LAND DEAL FAILS IMPORTANT TESTS

 

 

Doubts surround the State Government’s native title deal, say Len Collard and Gerry Georgatos.

Land deal fails tests

Much has been made of the State Government’s billion-dollar-plus offer to the Noongar people via the South West Aboriginal Land and Sea Council.

But is it a genuine native title offer or a politicised move to coerce a proposition that native title rights have been settled for all those considered Noongars and that all future rights are extinguished?

Noongar is a generic term and not representative of all the different cultural clans across Perth and southern WA — others include Whadjuk, Yuet, Mineng, Koreng, Ballardong, Bibbelmun and so on.

Legally, these Aboriginal clans and families will maintain connection to country that are exclusive domains and do not overlap one another.

SWALSC   had been the entity built up over the years that often supported the native title claims of holders through the courts. But what will eventuate if the $1.3 billion time-limited deal is sealed is that SWALSC will no longer support native title holders and claimants through the courts.

If this happens, the majority of the native title holders will be marginalised, with inadequate access to their legal rights. When the State Government and the SWALSC agreed four years ago to work towards a deal, there were six native title claims in the courts.

This deal will do away with these claims and, effectively, any future claims. Is this right? No. Before these six claims there were a score of predominately family-based geopolitical land claims. But what is needed are clan-based claims to provide culturally specific outcomes.

In 2006, Justice Wilcox found in favour of Noongar rights over the south-west of WA despite the State counting on the “genocide”
argument — that the Noongar peoples had been “wiped out” by colonialism and no longer effectively existed as a real cultural people, other than as “removed” descendants or as a broken minority.

Most Noongar clans justifiably celebrated the ruling — it was their victory over a form of arguable “terra nullius”. But such was the politicised nature of the State, it appealed against the Wilcox ruling. The Wilcox decision was overturned by the Federal Court
in 2008 but the Full Bench could not agree with the State’s proposition that there are no longer Noongar societies.

Therefore, more claims could ensue but against a defiant Government that refused to cave in to the suite of rights of peoples that, at best, they considered remnants of former clans.

So, they offered SWALSC a heads-of-agreement opportunity to settle native title claims to all Noongar country. But does SWALSC have this legal authority? SWALSC’s membership is more than 4000 but there are, according to the Australian Bureau of Statistics, 40,000 Noongars.

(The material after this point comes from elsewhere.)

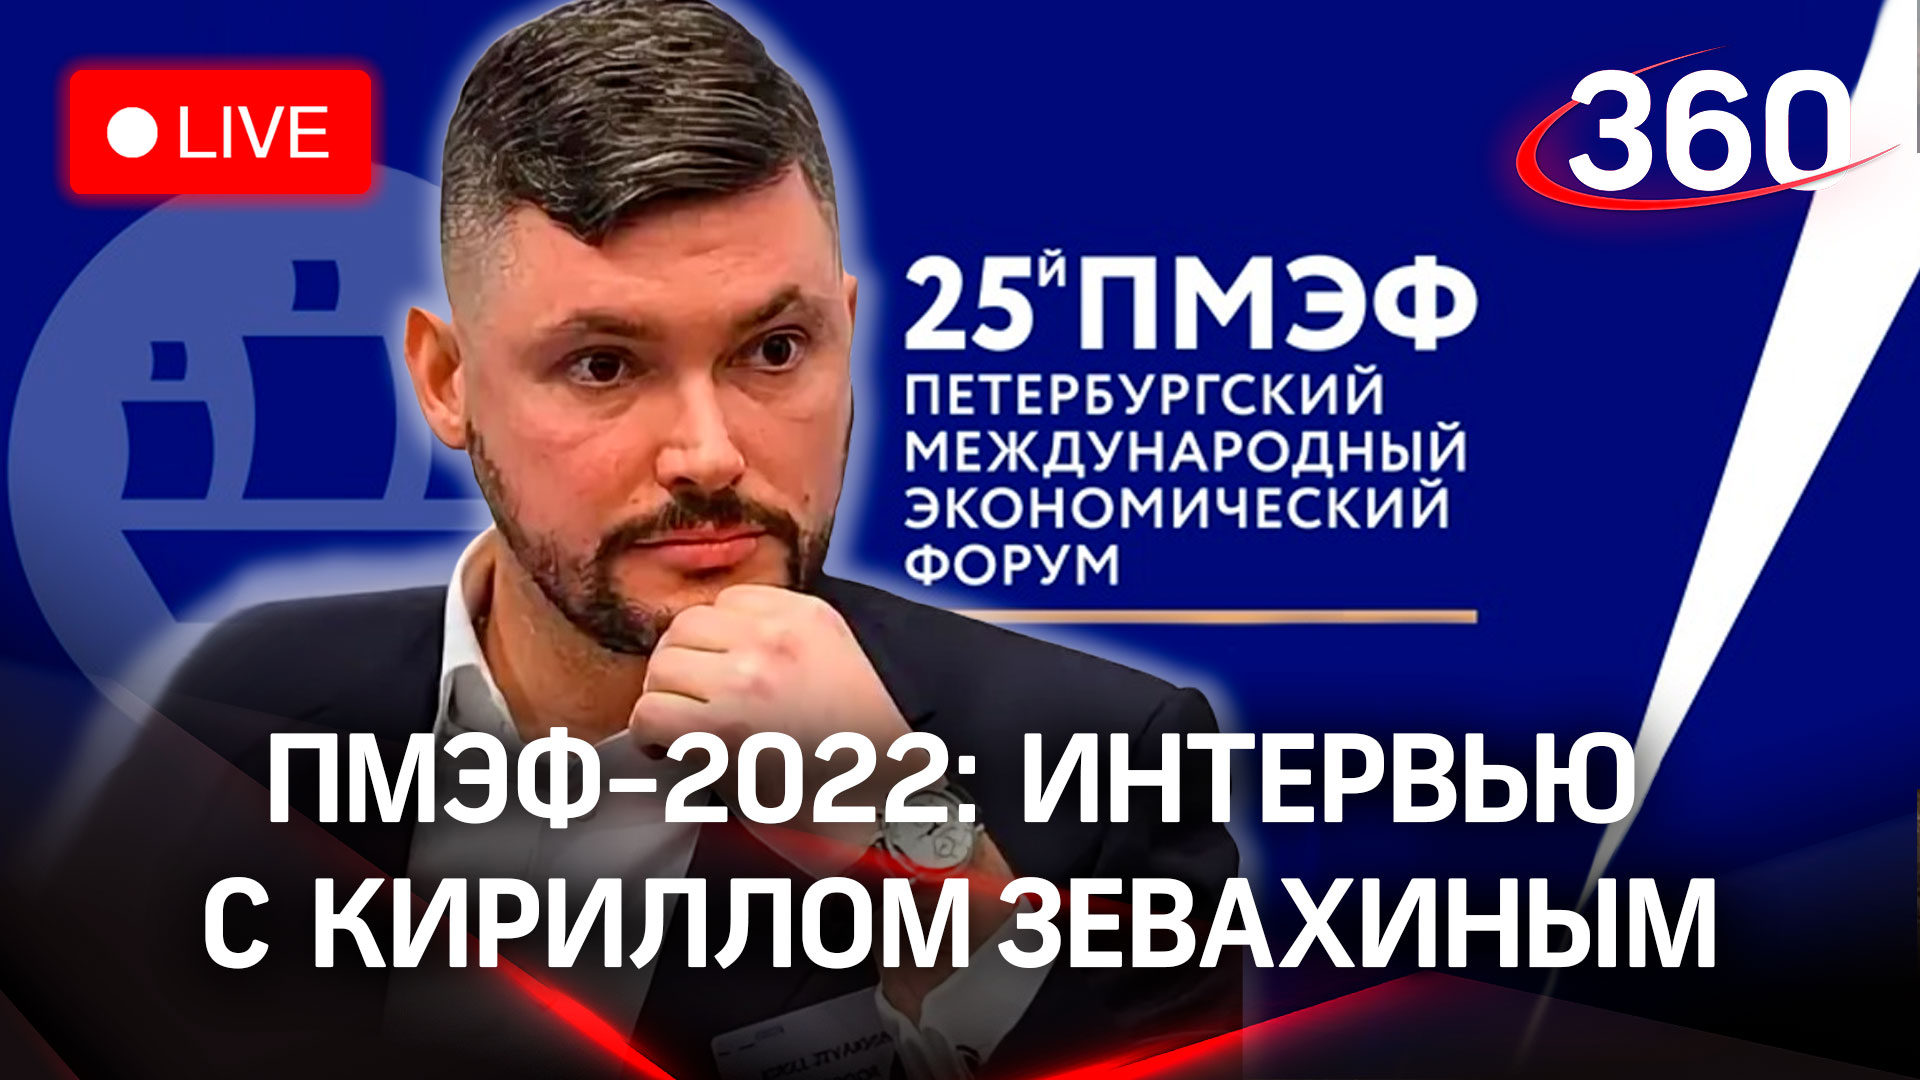 ПМЭФ-2022: интервью с Кириллом Зевахиным, владельцем и основателем группы компаний Светогор

And the Noongar Tent Embassy claims to have a petition — calling for the $1.3 billion deal to be torpedoed — with more Noongar
signatures than SWALSC members. The Government and SWALSC are having a dialogue among themselves.

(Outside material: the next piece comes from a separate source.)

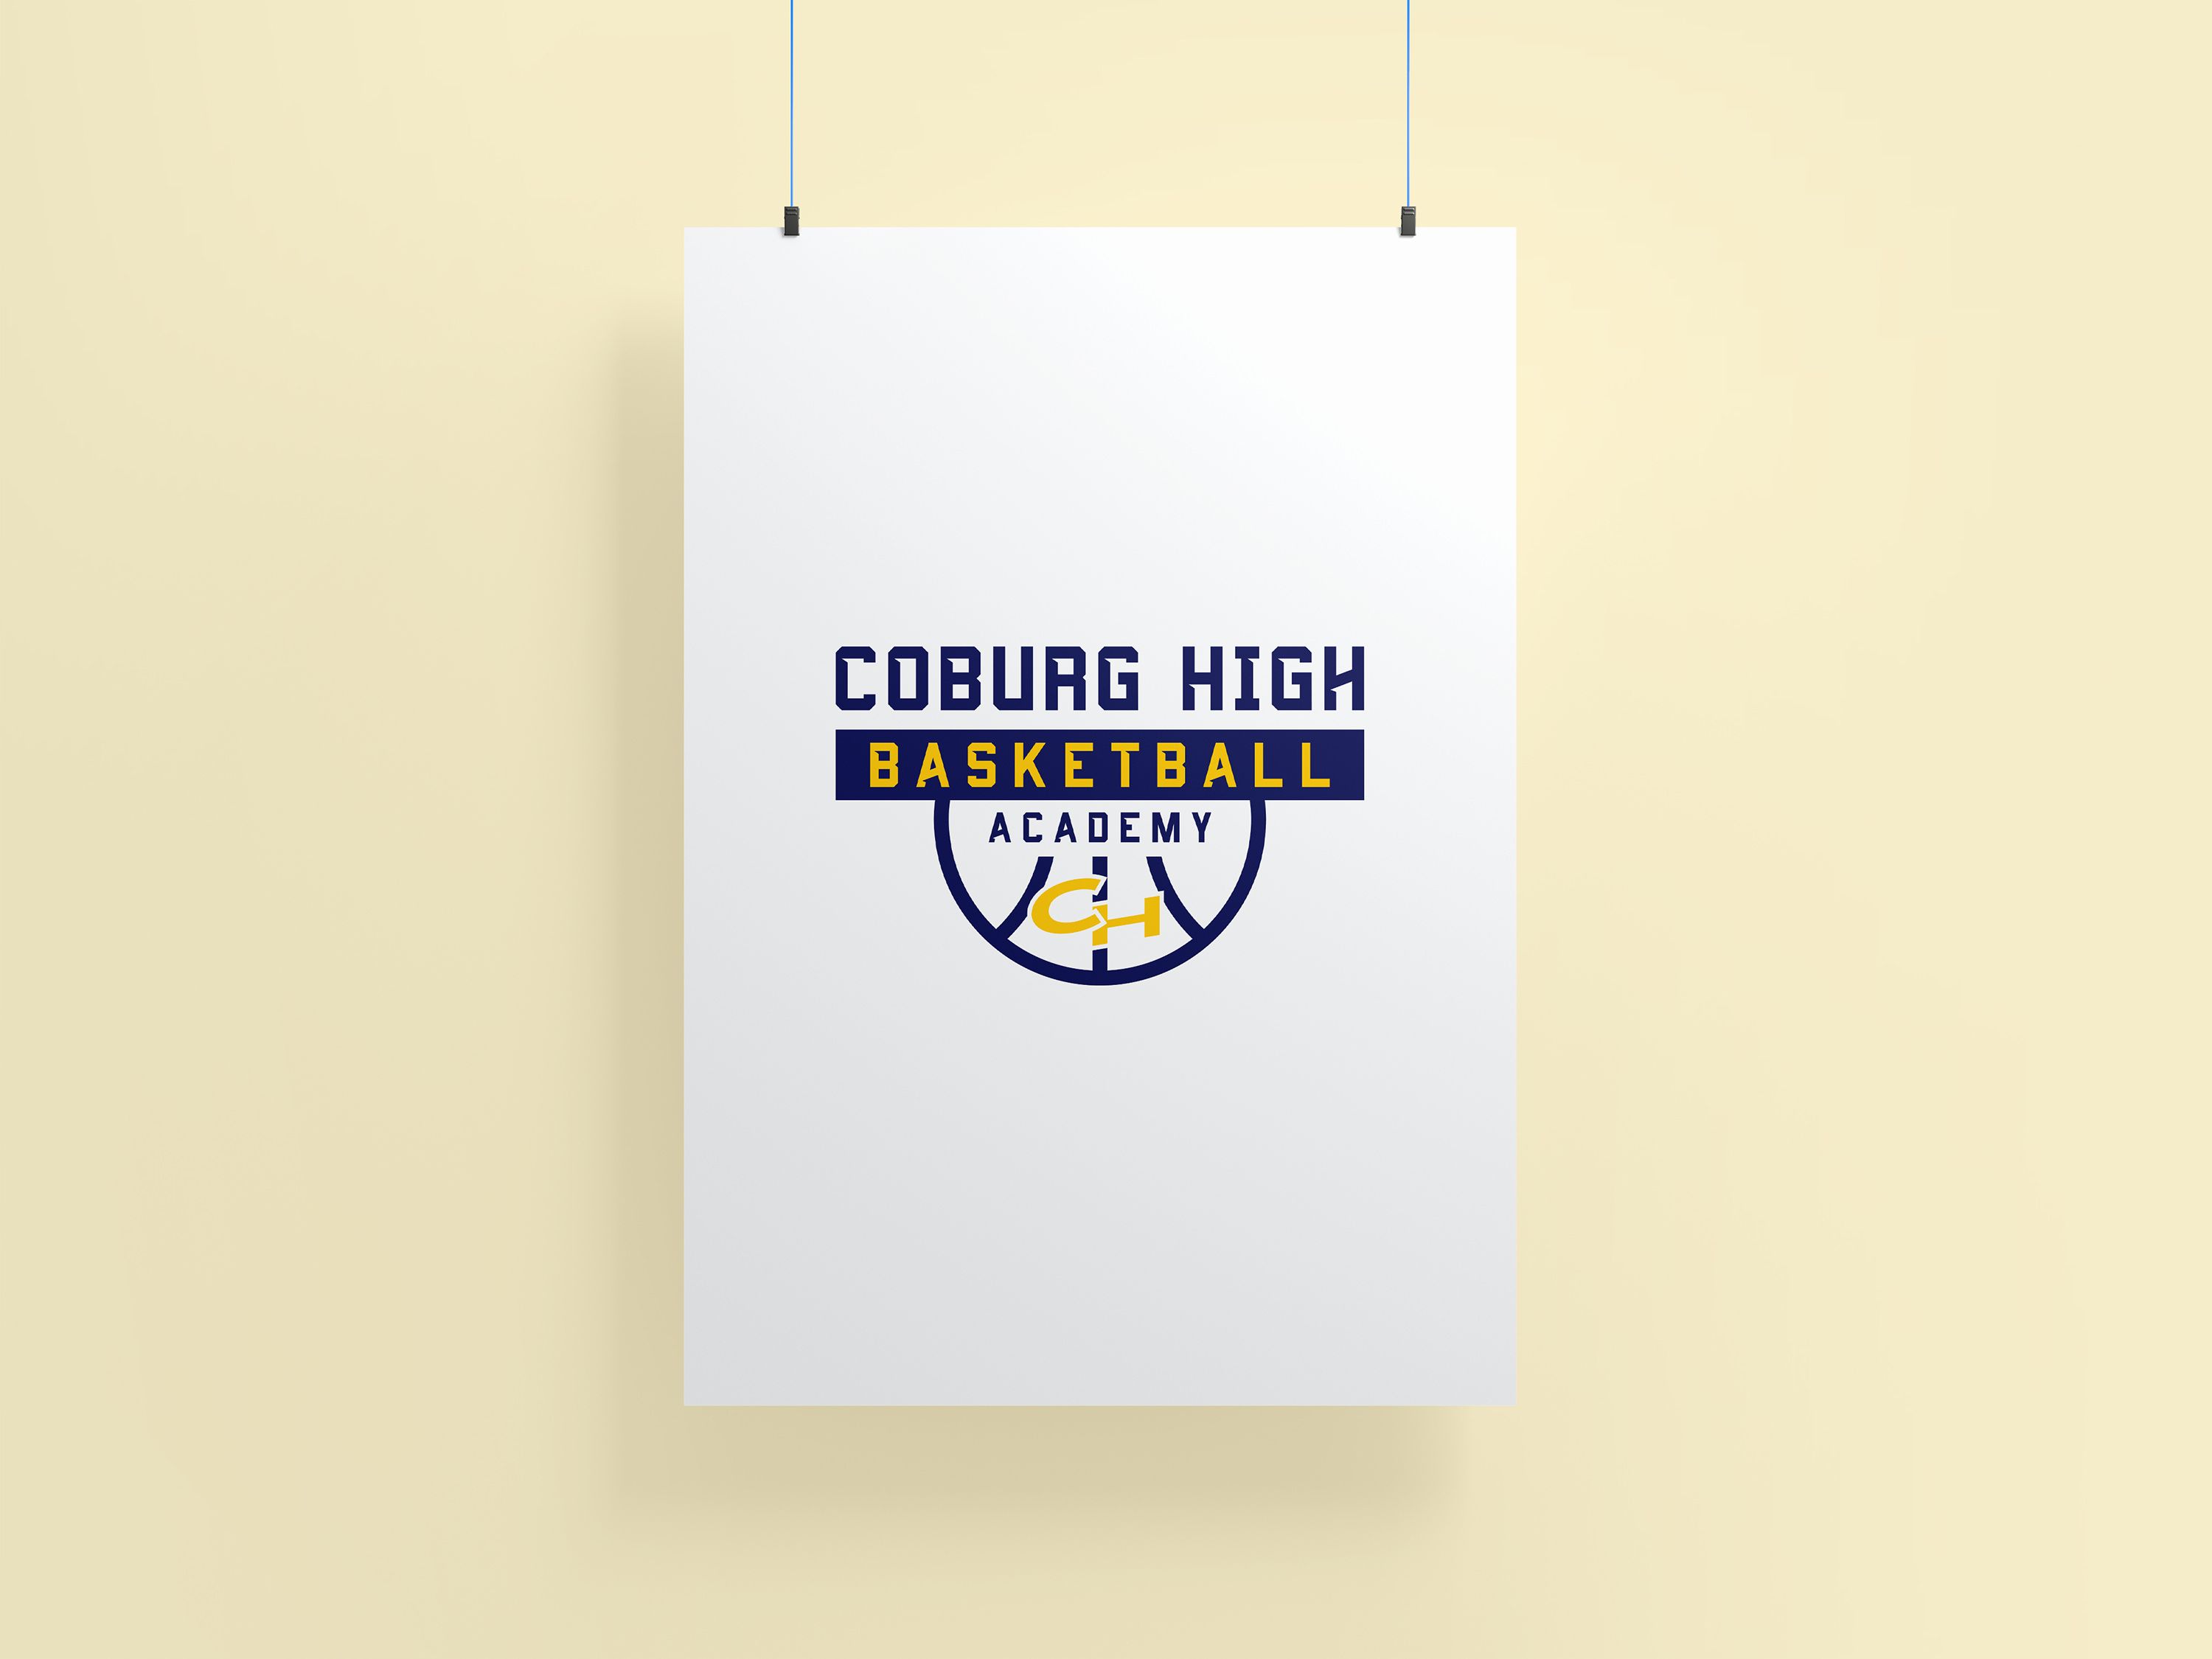 Coburg High Basketball Academy colour logo version

But if they are serious about democracy, they should ensure a postal ballot of all Noongars on whether the deal should be upheld.

The package has a $600 million component disbursed over 12 years, with future revenue arising from various investment within
these monies.

But what happens if these funds do not return a dividend?

They are a simplistic step to address a myriad of cultural, economic, legal and social problems and the intergenerational poverty —
acute, abject, endemic and pernicious — imposed on most Noongars.

No native title settlement has provided the capacity to remedy the social problems in Aboriginal communities that are plagued by
problems imposed by more than a century of disenfranchisement, neglect and the pain of poor policies.

Native title is so watered down and so easily circumvented by politicisation that those within the native title community argue
that settlements are about getting what one can — finite outcomes while dismissing panacea and sustainable systems.

Well, they are wrong.

It will be a mistake for Noongars and taxpayers to let this deal go through and allow the argument that all future claims have been extinguished.

The Australian political and ideological landscape is changing and it may well be that in a couple of decades the Noongar clans will
be able to secure what has been denied today — a win-win circumstance.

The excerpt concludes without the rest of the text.